The main mission of the ADA is that public and private businesses must provide equal access to everybody who needs to use their services and amenities regardless of any disability. If shops, doctor’s offices, hotels, restaurants, and other buildings are not accessible to those with disabilities, it creates a barrier that stops them from participating in everyday activities. This is why the ADA has set out a minimum standard of accessibility for public and private entities to achieve. It should be noted that ADA requirements do not apply to religious entities, residential properties, and private clubs. Still, they are encouraged to voluntarily offer accessibility even though it is not required by law. An ADA concrete contractor can help you to make the necessary changes to remove existing accessibility barriers.
Under the current guidelines, the new construction of public and private businesses must adhere to the minimum requirements described in the 2010 ADA Standards for Accessible Design. Any renovation work carried out also needs to meet those same requirements that new construction does, regardless of when the property was originally built.
There is no such thing as a ‘Grandfather Clause’ when it comes to the ADA. However, existing buildings are not held to the same standards as new construction. All buildings, even those predating the passing of the ADA in 1990, must remove accessibility barriers if they are considered readily achievable. What exactly does that mean? In simple terms, ‘readily achievable’ means that it can be down reasonably easily and without too much expense. For example, it is not readily achievable if you have to demolish an entire wall of the property to make adjustments, but it is readily achievable to install appropriate ADA complaint doorways and ramps to make the building accessible to all. An ADA concrete contractor can work with you to devise a plan for readily achievable barrier removal. It is relatively common for older properties to have narrow doorways, round doorknobs, and a lack of accessible parking. These are all things that can be easily rectified with the help of an experienced ADA concrete contractor like Protrk Construction.
So what does this mean for public facilities such as schools, courthouses, and other state or local government buildings? These buildings are covered by Title II of the ADA and are obligated to provide accessible service to all, regardless of when the building was built. That may mean taking steps to remove accessibility barriers with the help of an ADA concrete contractor, or it may mean offering an alternative means of providing equal service to those unable to access the facility physically. An example of this could be moving services to another part of the building, such as a lower floor, to make it accessible to disabled people.

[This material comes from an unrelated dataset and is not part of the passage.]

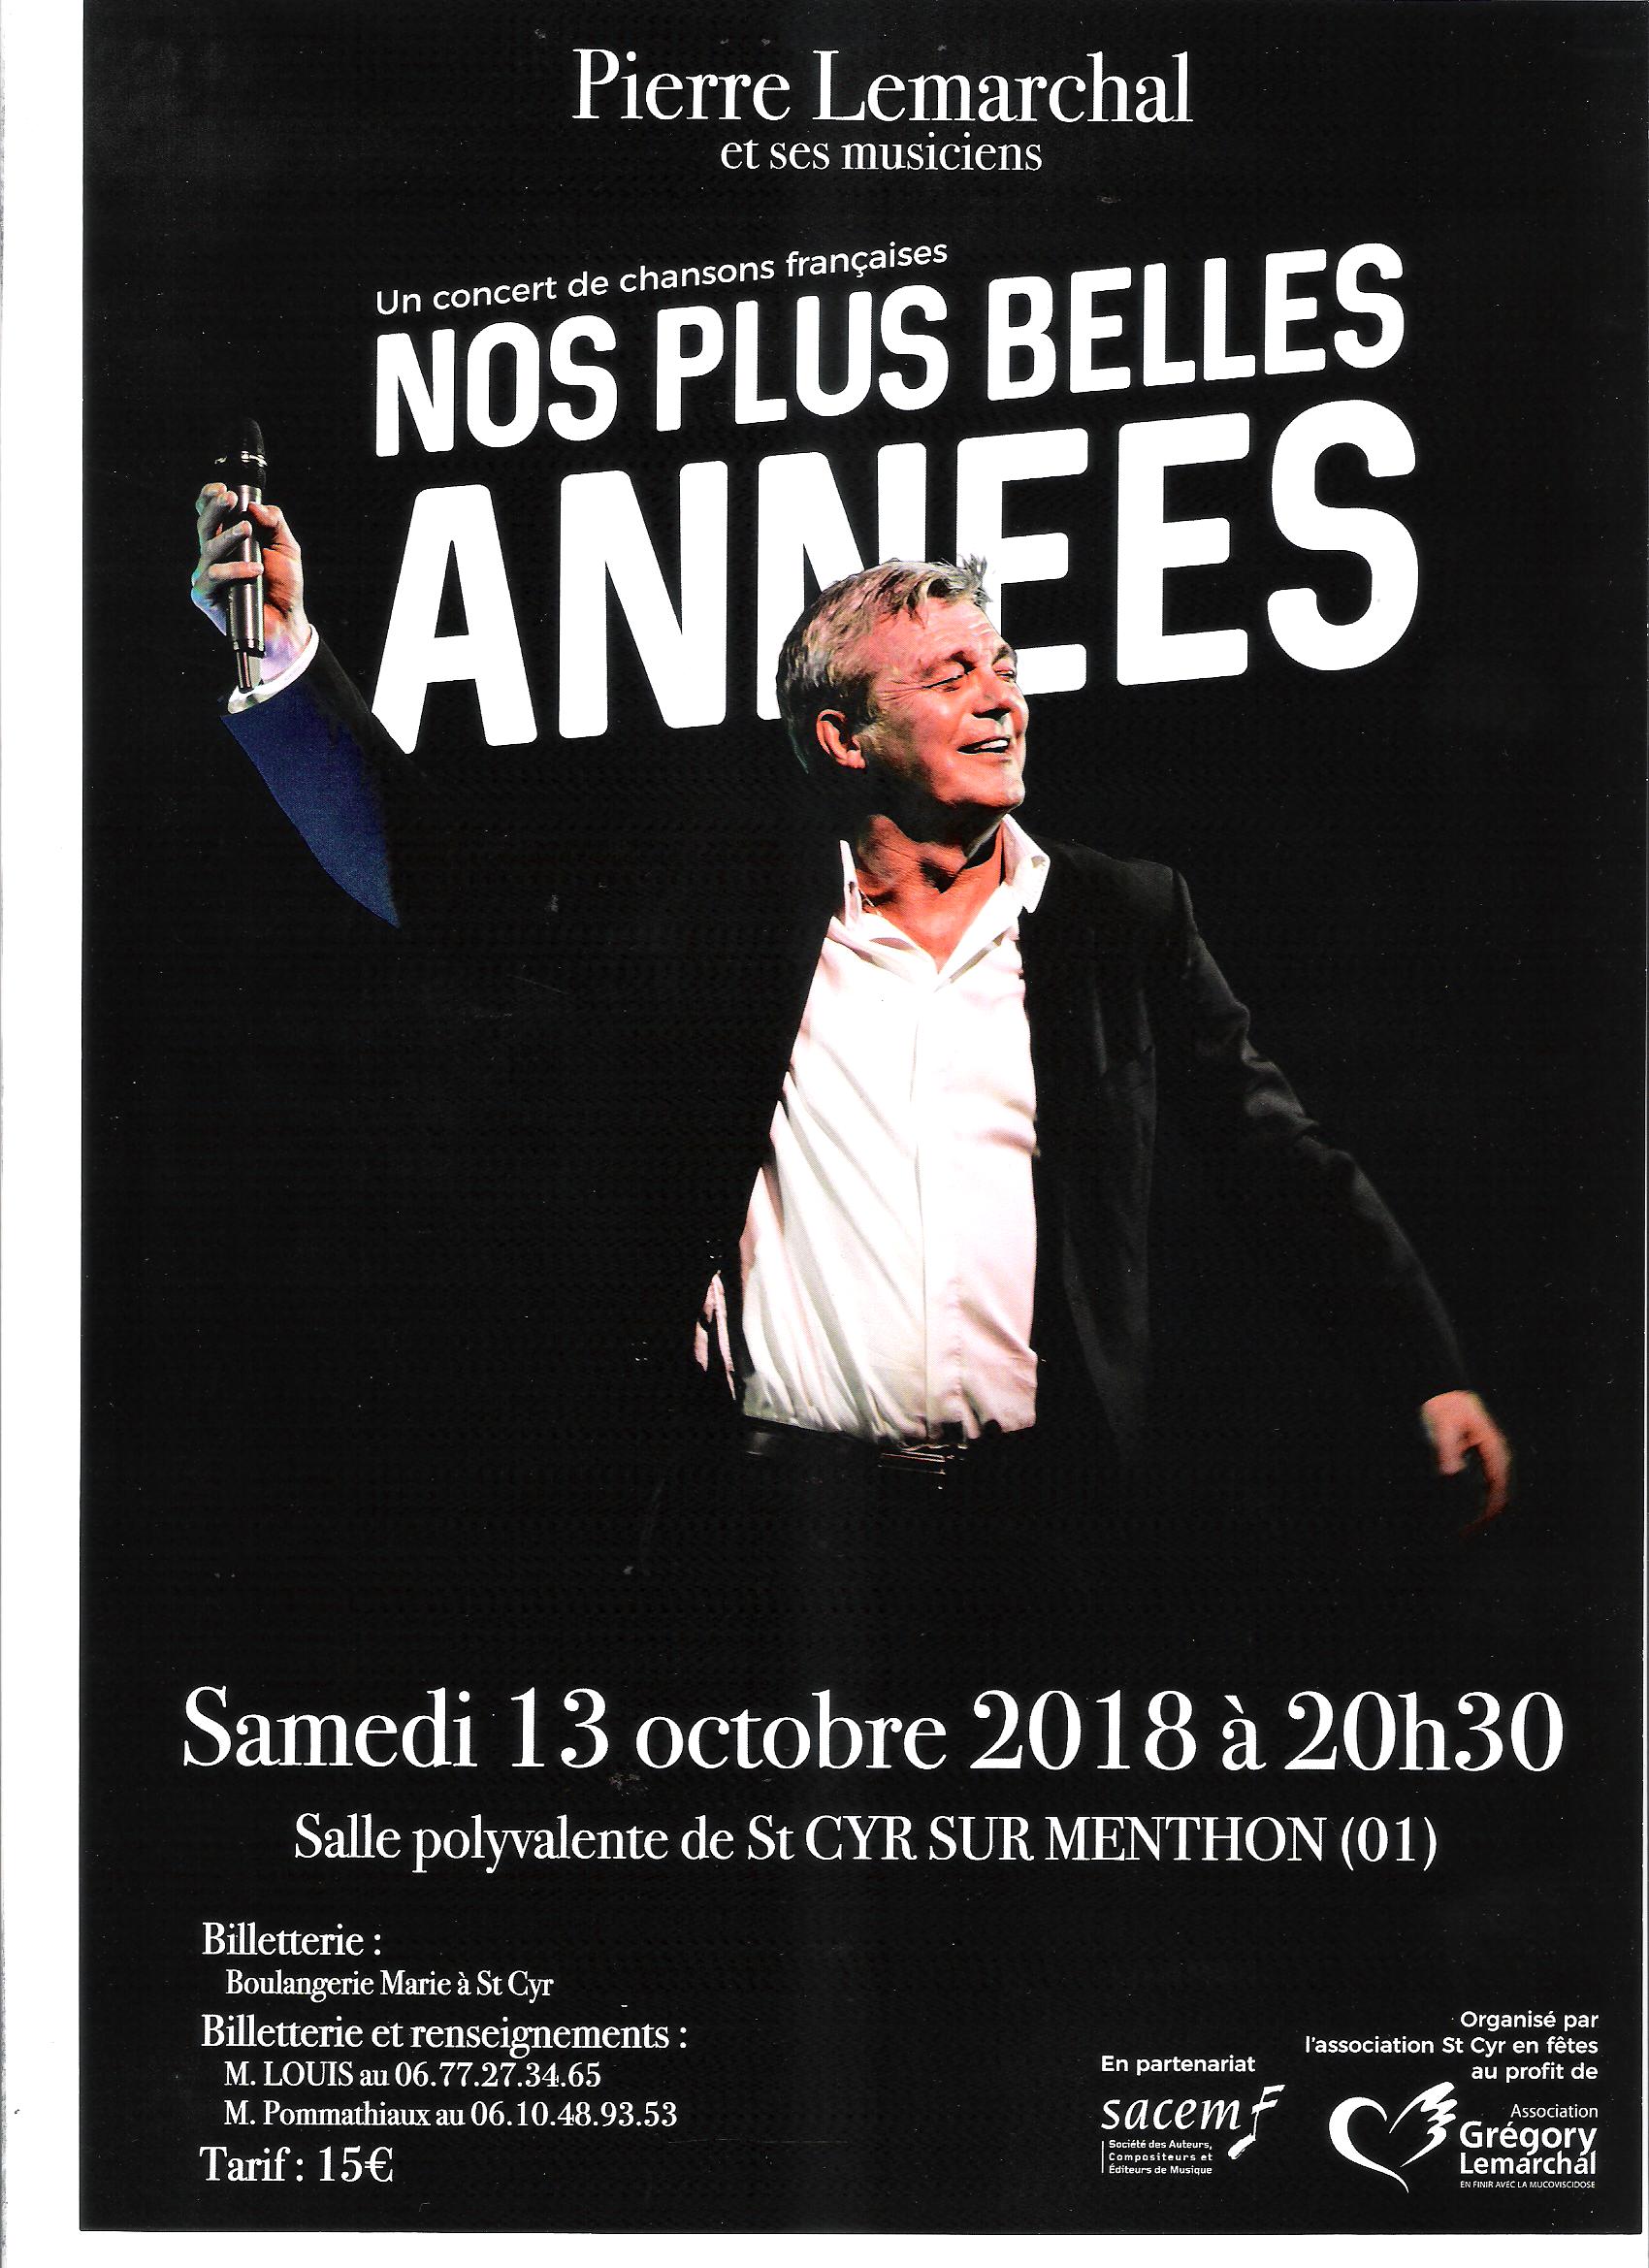 Affiche Concert affiche concert st cyr en fêtes 13 octobre | mairie de saint-cyr-sur

You may be wondering why it is so important to work with an experienced ADA concrete contractor rather than any other general contractor. The answer is simple. ADA guidelines are extremely complex, and there is almost no margin for error. Just a few millimeters can be the difference between ADA compliance and facing a federal lawsuit. General contractors may not have the up-to-date knowledge to make sure that you are fully compliant. However, a dedicated ADA concrete contractor only does ADA construction work, and is, therefore, able to keep current on any change to the guidelines and make sure that your property is in compliance.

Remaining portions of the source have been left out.